As it is summer now, I decided to learn a new language and Python was my choice. Really, what I would like to learn is how to manipulate Arabic text using Python. Now, I have found many many resources on using Python, which are really great. However, when I apply what I learned on Arabic strings, I get numbers and letters combined together.

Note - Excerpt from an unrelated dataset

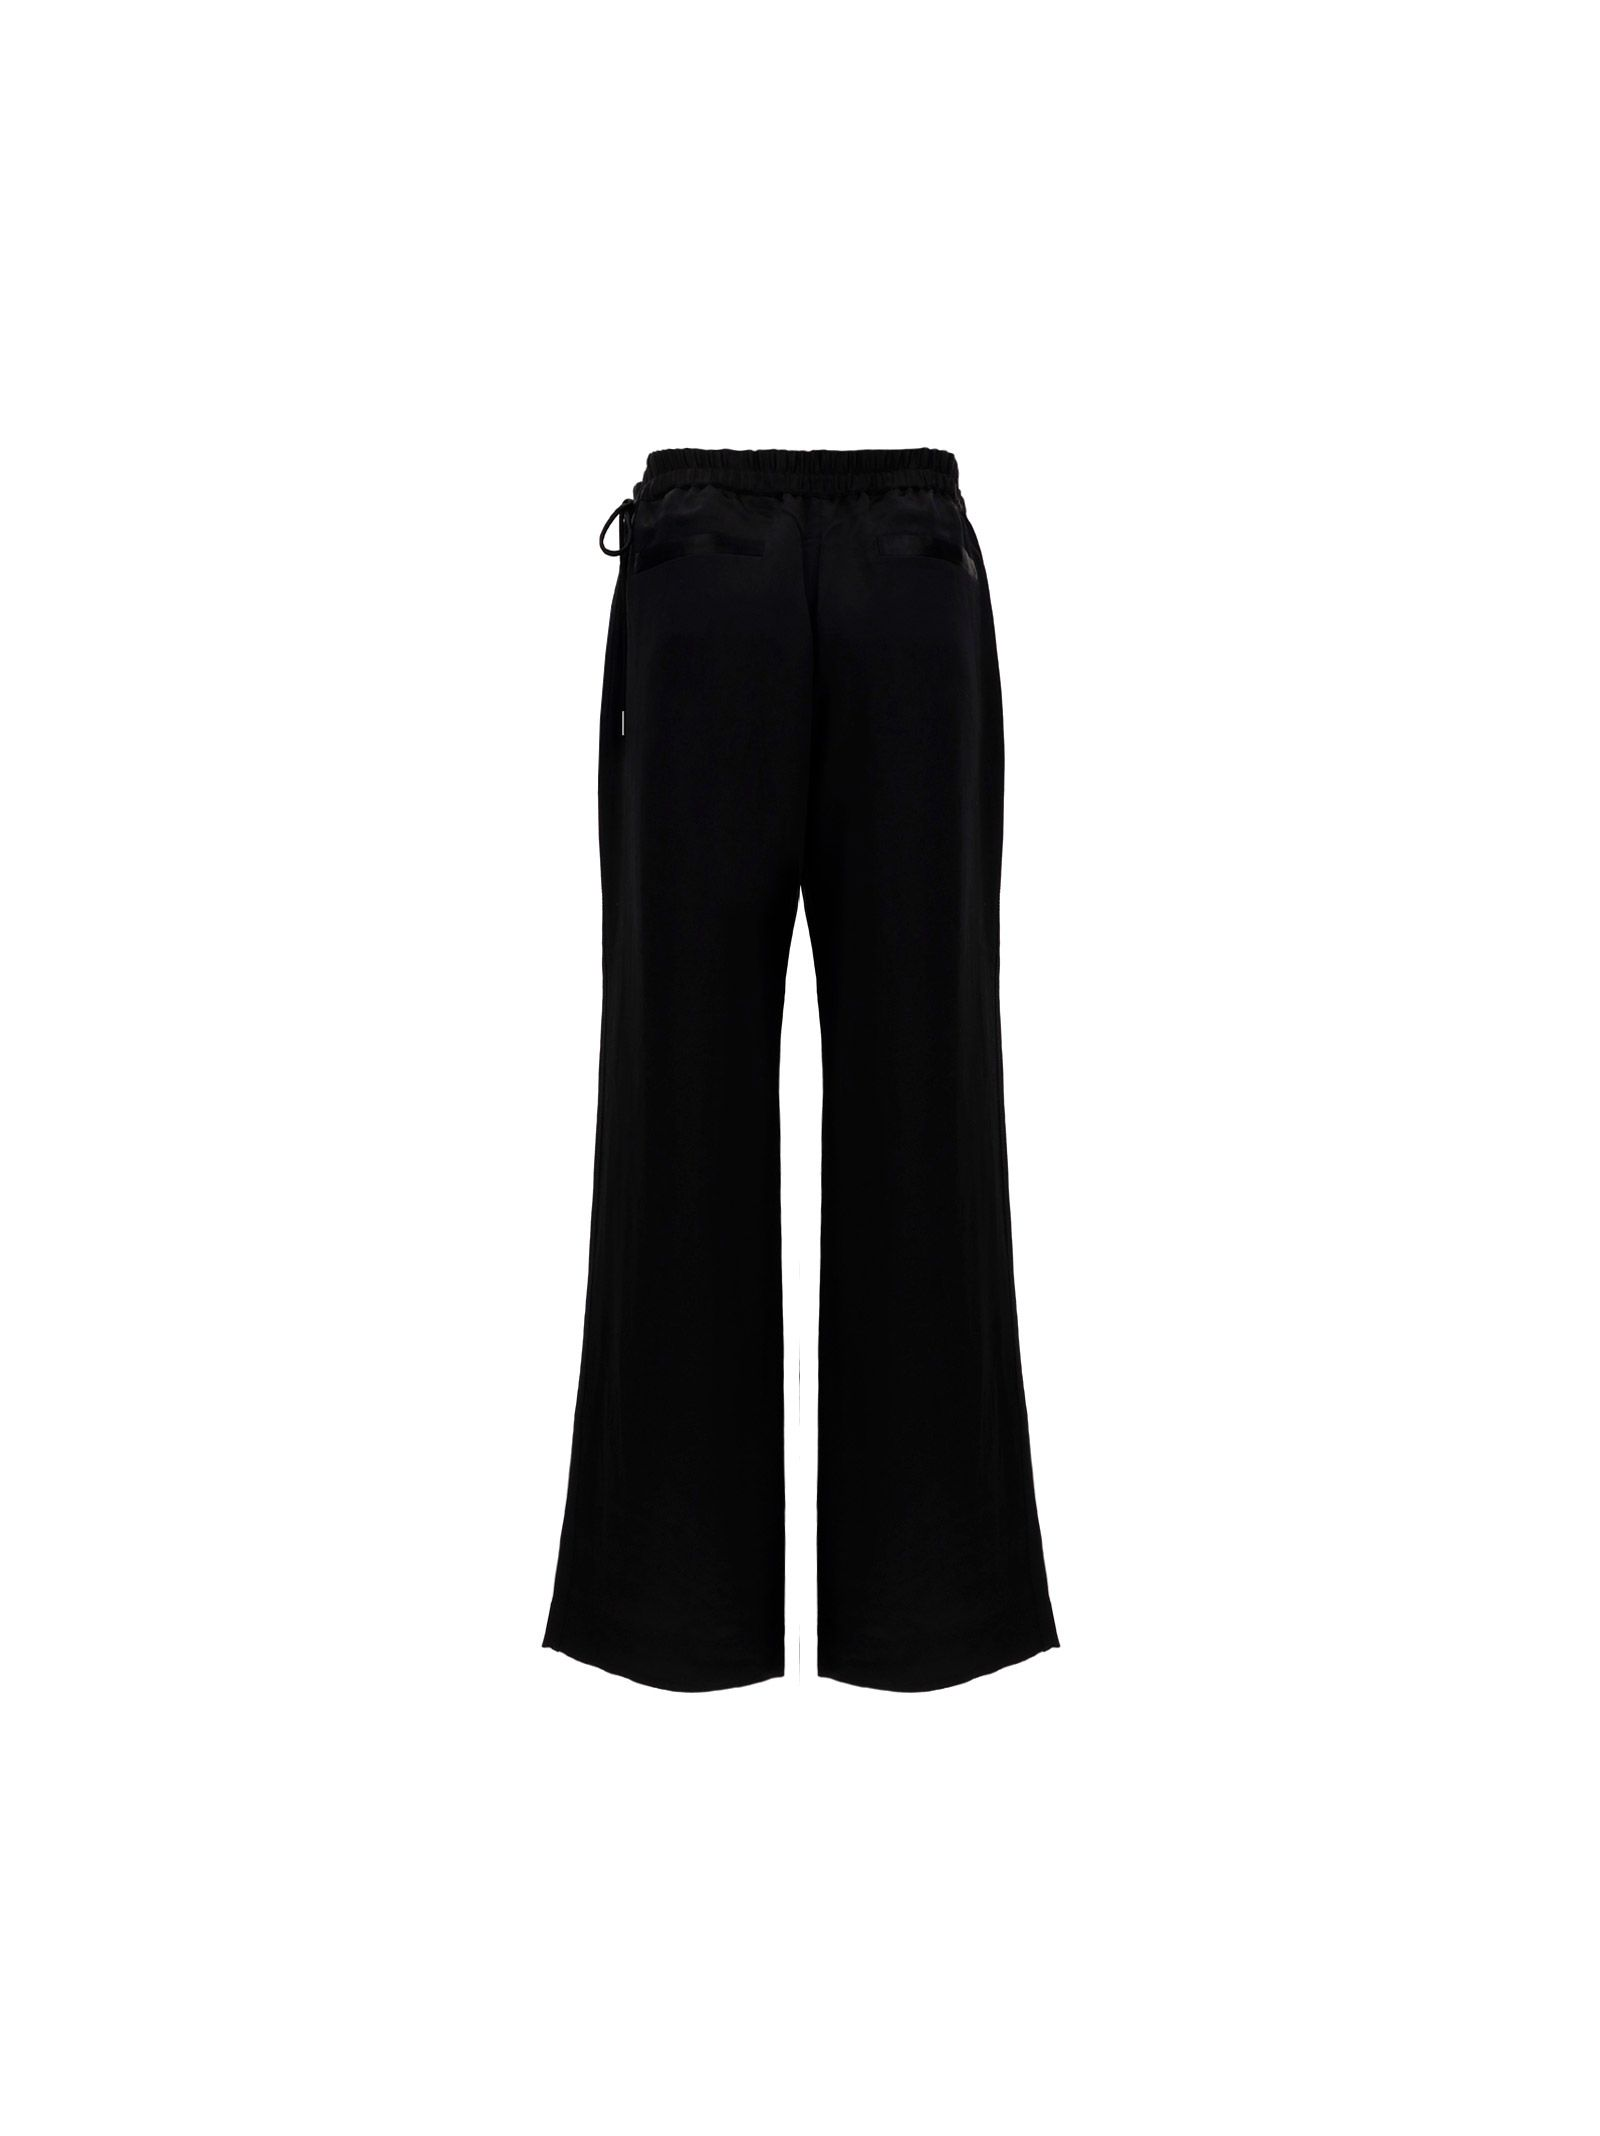 ACNE STUDIOS Cropped pants ACNE STUDIOS WOMEN'S BLACK OTHER MATERIALS PANTS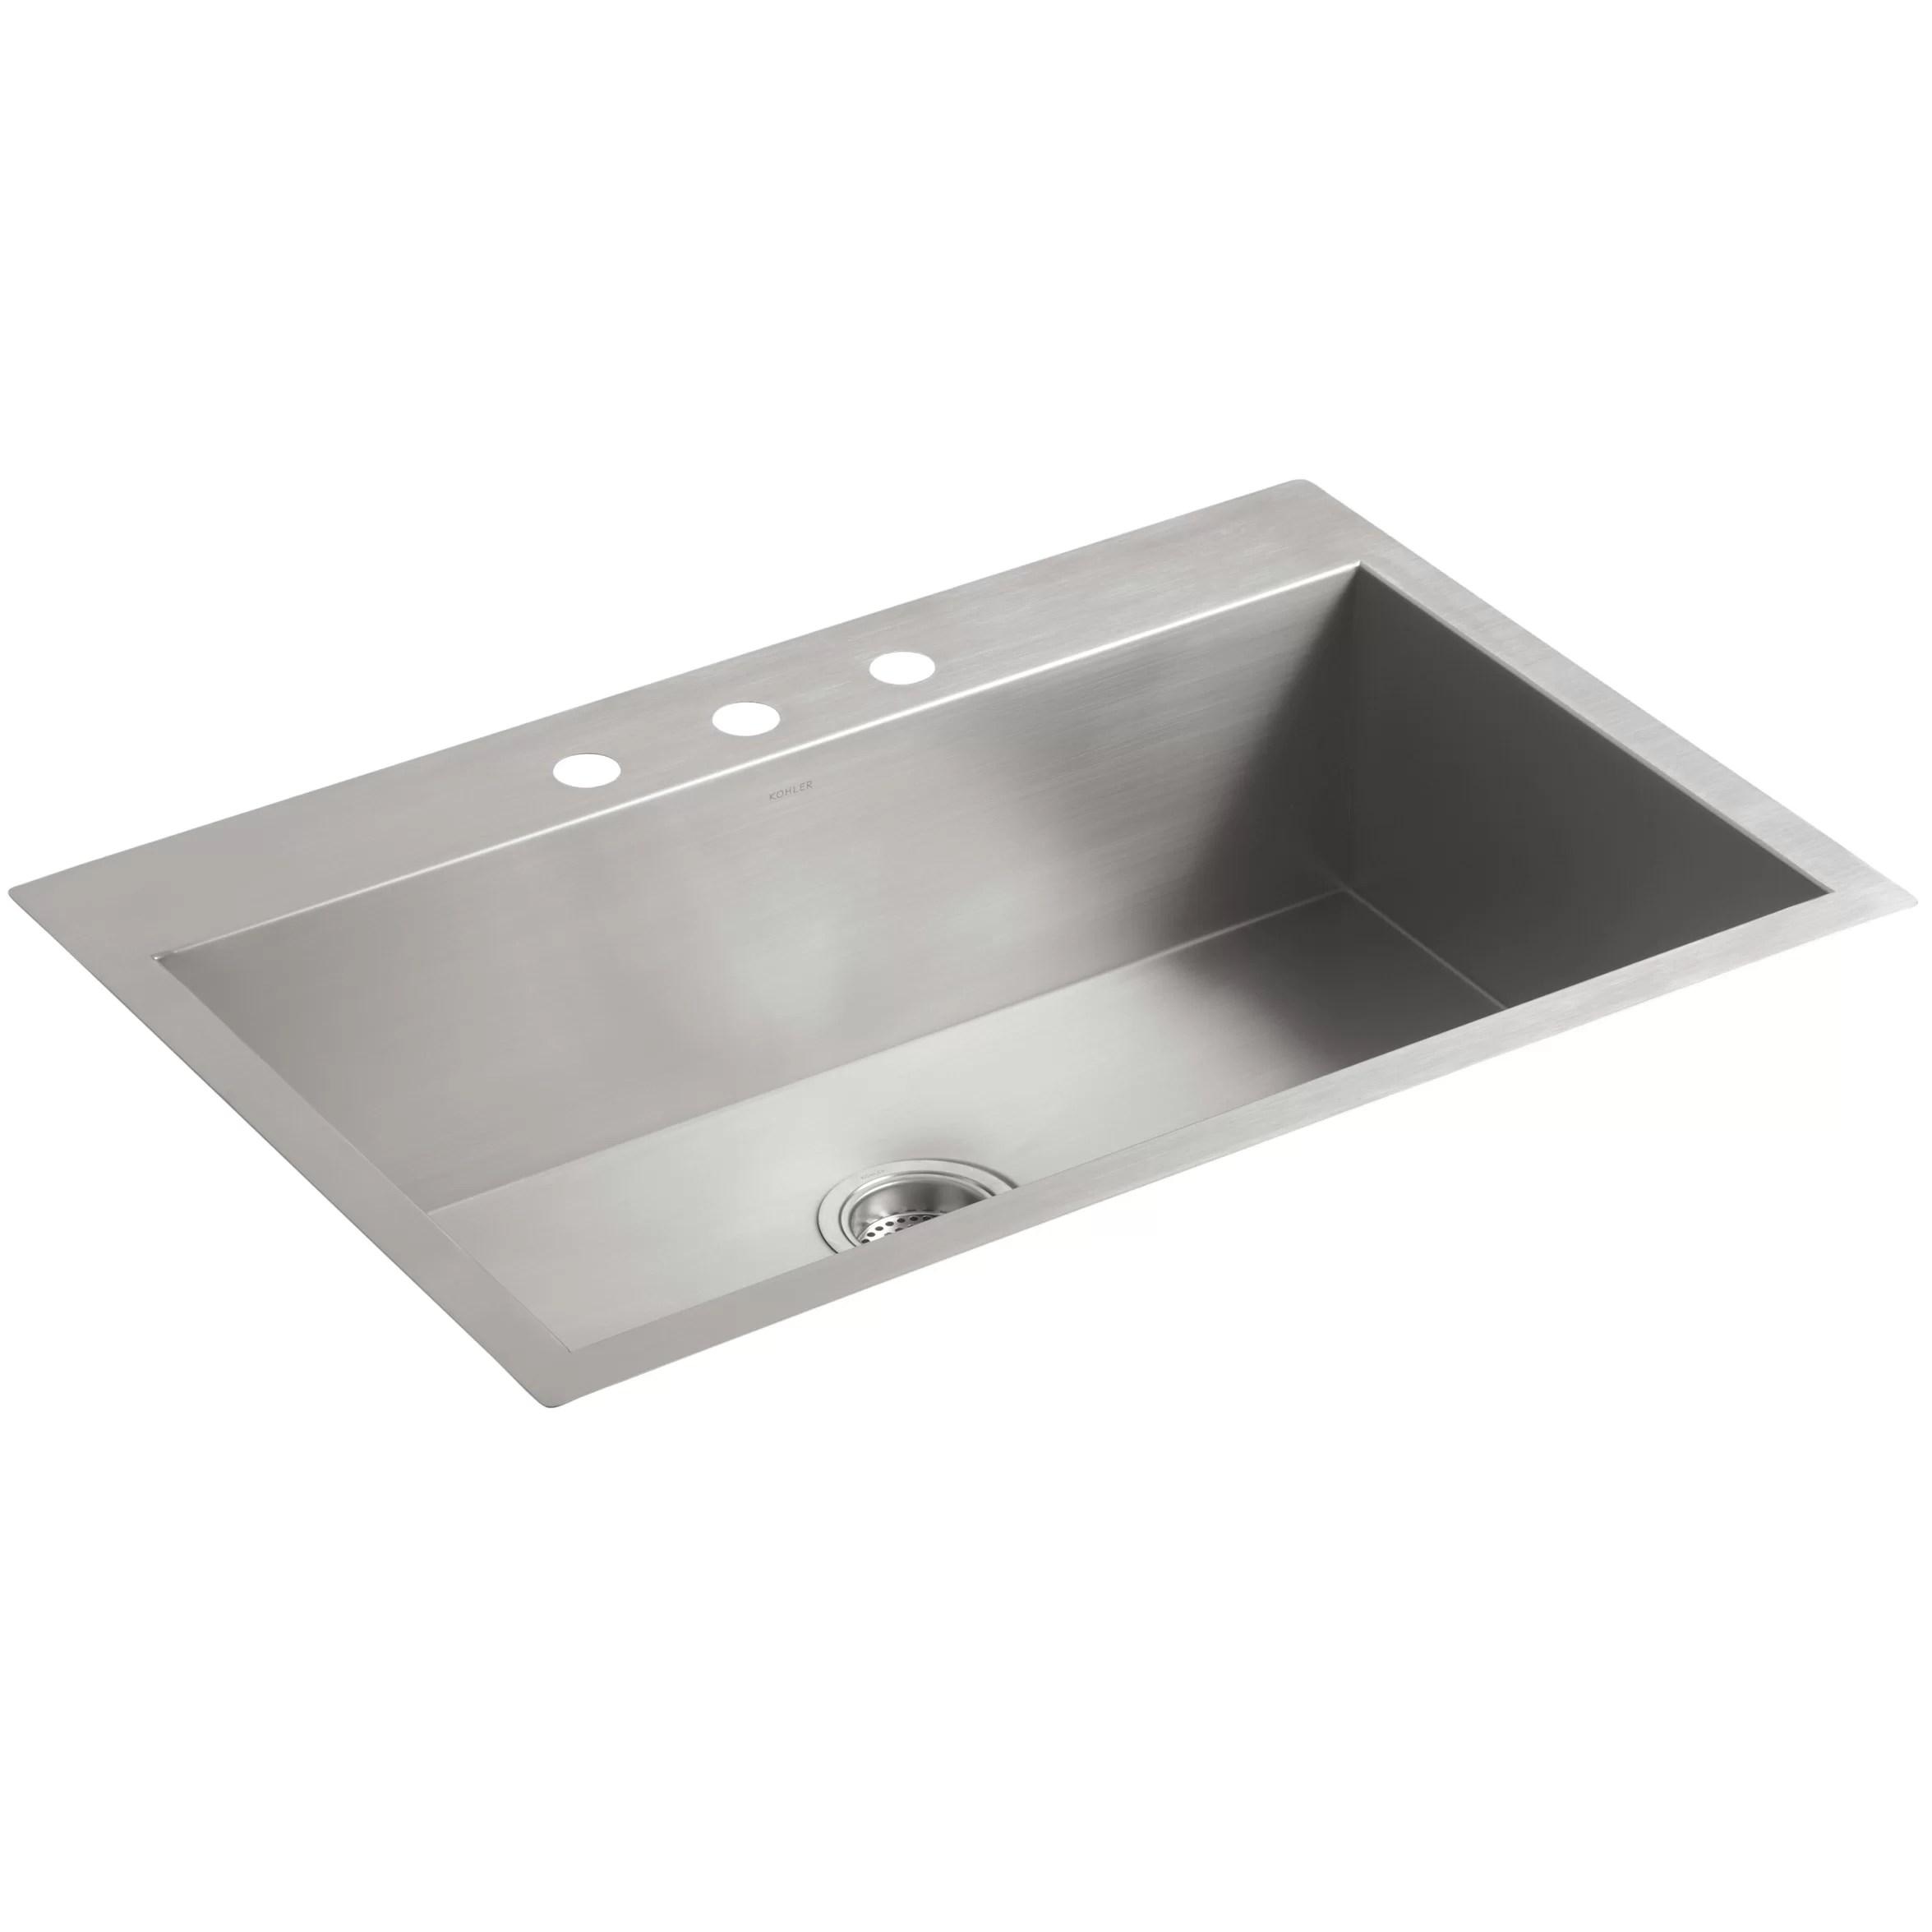 single bowl kitchen sinks american standard sink kohler vault 33 quot x 22 9 5 16 top mount under

Take for example this for English:
>>> ebook = 'The American English Dictionary'
>>> ebook[2]
'e'
Now, for Arabic:
>>> abook = 'القاموس العربي'
>>> abook[2]
'\xde' #the correct output should be 'ق'
However, using print works fine, as in:
>>> print abook[2]
ق
What do I need to modify to get Python to always recognize Arabic letters?
解决方案
Use Unicode explicitly:
>>> s = u'القاموس العربي'
>>> s
u'\u0627\u0644\u0642\u0627\u0645\u0648\u0633 \u0627\u0644\u0639\u0631\u0628\u064a'
>>> print s
القاموس العربي
>>> print s[2]
ق
Or even character by character:
>>> for i, c in enumerate(s):
... print i,c
...
0 ا
1 ل
2 ق
3 ا
4 م
5 و
6 س
7
8 ا
9 ل
10 ع
11 ر
12 ب
13 ي
14
I recommend the Python Unicode page which is short, practical and useful.